Просыпаясь, он пытался вспомнить содержание сна и каждый раз с лёгкой досадой признавался самому себе в том, что её там опять не было. Где-то в глубине души и в самых потаённых мыслях он чувствовал некоторые угрызения совести, что так и не допустил её в свой сон в очередной раз. Иногда ему было просто обидно, что она сама не приходит к нему в его ночных грёзах. Слишком много вопросов самому себе от имени той, которую придумал.

Нет. Она не выдуманный персонаж эротических снов. Она существует, её зовут Агапеей, и он знает её адрес. У неё наверняка нет детей. Или это так Пашке хочется думать? Хорошо, пусть у неё будет ребёнок. Он, по всей видимости, ещё маленький, ведь маме всего двадцать пять лет. Она старше Пашки на три года. На целых три года… Ну и что? Это не разница. Вот когда десять лет, то это разница… Хотя и с этим люди как-то уживаются. А ребёнок? А Павел его усыновит или удочерит… Какая разница? Если мужчина любит женщину, то он обязан любить её дитя от прежнего брака. Это правильно… А чего тут правильного, если ребёнок вырастет и узнает, что кровного отца пристрелил такой же ополченец, как его отчим? Как всё каверзно, противоречиво, замысловато и запутанно…

– Чего задумался, Пашка? – толкнул в плечо сержант Чалый – старший группы конвоя артёмовской комендатуры. – По бабе грустишь? Или чего случилось?

– Да так, брат, просто задумался о сложностях жизненных лабиринтов. Зайдёшь в такой головоломный забой и так и останешься, не найдя выхода.

– Ничего себе рассуждения! Ты что окончил? Не филологический случайно?

– Нет. Так, пару курсов в пединституте в Воронеже, и всего-то. Просто я читать много любил с детства. Даже Шопенгауэра в школе прочёл для интереса. Мама заведующей библиотекой всю жизнь в селе работает, а папа учителем истории и литературы в сельской школе.

– Да ты правду, что ли, говоришь? – удивлённо спросил Чалый, хлопнув ладонью по колену Костина.

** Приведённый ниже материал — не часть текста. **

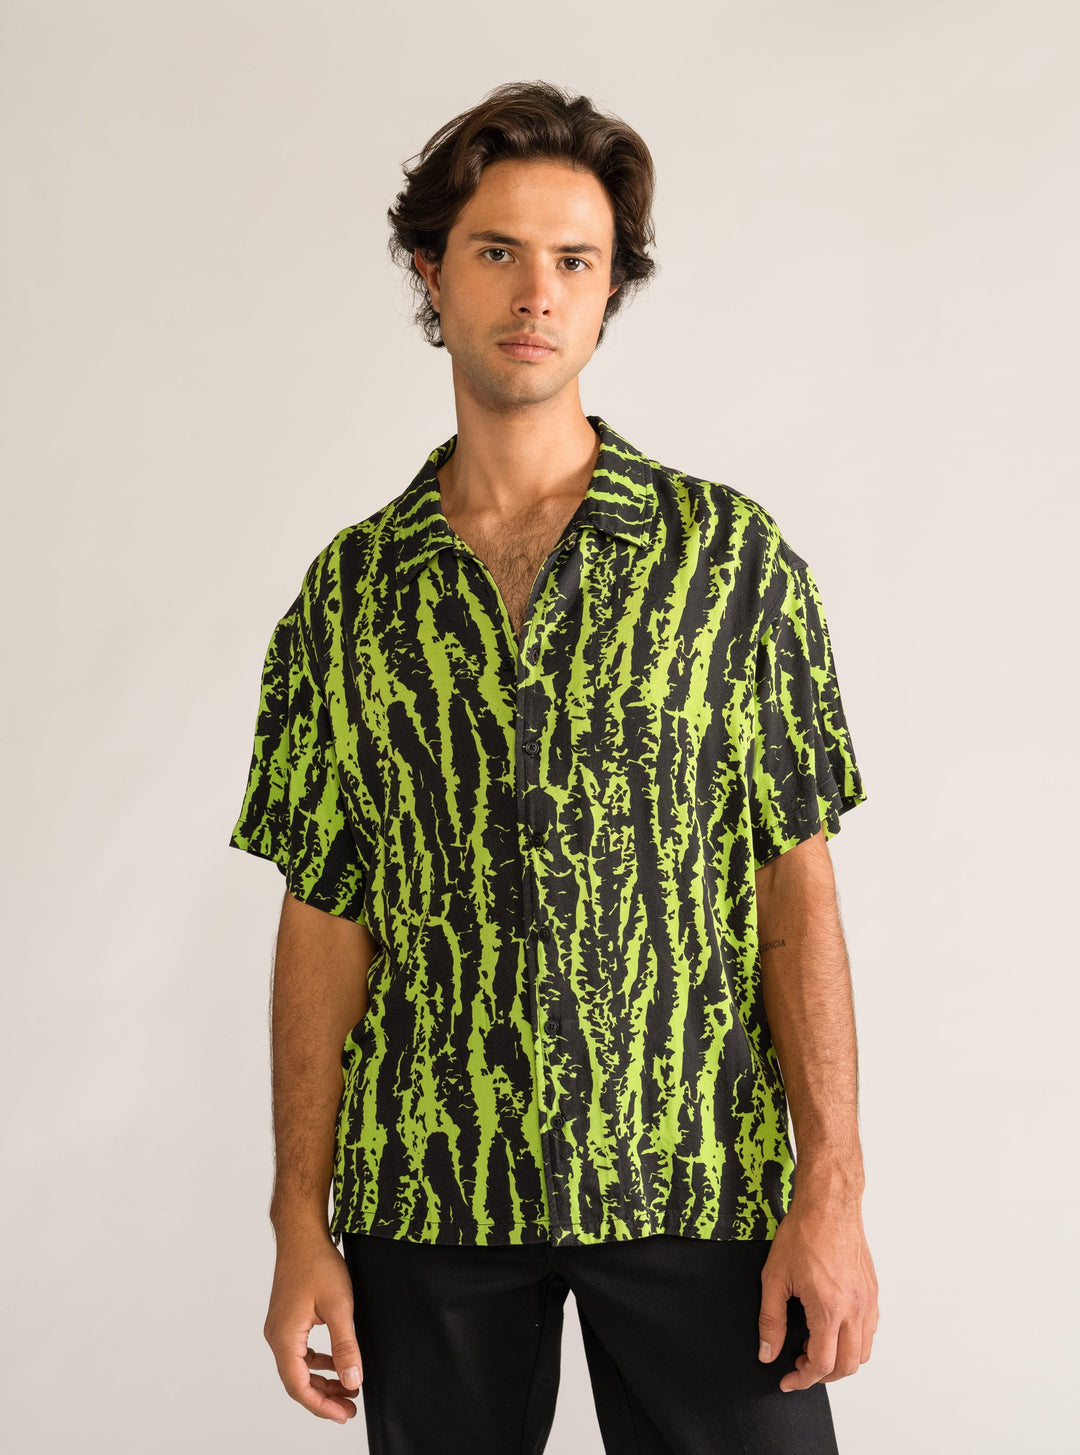 Rizoma Shirt, Green

– А чего мне врать? Я его и сейчас иногда листаю. Интересно поразмышлять над его теорией познания или теорией смешного, например.

– А в чём разница у этих теорий?

– Разницы нет. Второе всегда является ответом на первое.

– Это как же? Проясни, – спросил Чалый, озорно улыбаясь и выбивая папиросу из пачки.

– А чего тут не понять, старый? Чем мы больше в жизни познаём, тем смешнее нам становится от тех страхов, с которыми мы жили, пока не познали истину. Это как в кино: смотришь трагедию крупным планом и переживаешь, но стоит фильму закончиться, перед тобой остаётся безликий экран. Всё исчезло, и переживать уже незачем.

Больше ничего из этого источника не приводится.